Ghana has set a deadline of December 2025 for implementing cryptocurrency regulations, despite the lack of an enforcement team. The Bank of Ghana aims to create a framework for digital currencies by year’s end, as 3 million Ghanaians actively utilize cryptocurrencies for payments, savings, and remittances. However, this timeline raises concerns, especially with the lack of dedicated staff to enforce these rules.
A surge in cryptocurrency usage has driven over $3 billion in transactions within Ghana since July 2023 through June 2024, highlighting a shift towards digital finance. Dr. Johnson Asiama, Governor of the Bank of Ghana, announced this regulatory push during the International Monetary Fund’s fall meetings. He revealed that a new virtual assets bill will be presented to Parliament before the end of the year.
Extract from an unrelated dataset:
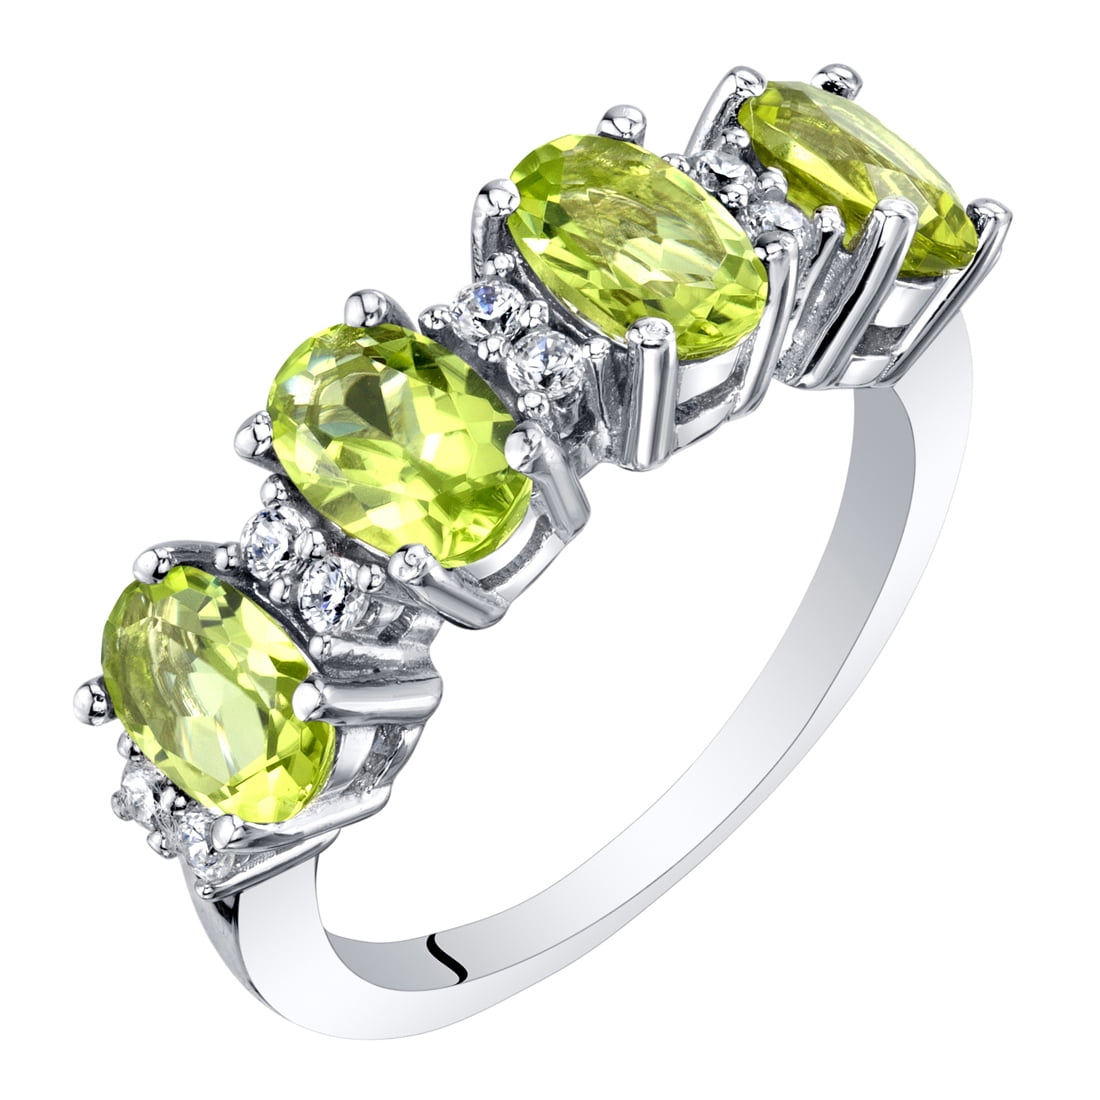 Gem Stone King 925 Sterling Silver Green Peridot 3-Stone Ring for Women 2.11 Ct Oval Gemstone Birthstone, Available in size 5, 6, 7, 8, 9

A dedicated enforcement department is being formed to oversee crypto activities. This includes recruitment and training for technical staff. The goal is to establish a specialized unit to monitor digital transactions, safeguard against financial instability, and better control money flows.
While this move marks a significant step toward regulating cryptocurrencies in Ghana, concerns persist regarding the capacity of institutions to enforce these rules effectively. The Bank of Ghana’s plan follows regional trends towards formal crypto oversight, with countries like Kenya and South Africa taking similar measures to regulate digital currencies.
Ghana’s ambitious timeline for cryptocurrency regulation highlights the increasing demand for clarity and transparency in the rapidly developing digital economy. However, the lack of an active enforcement team raises doubts about the practicality of enforcing these regulations on time.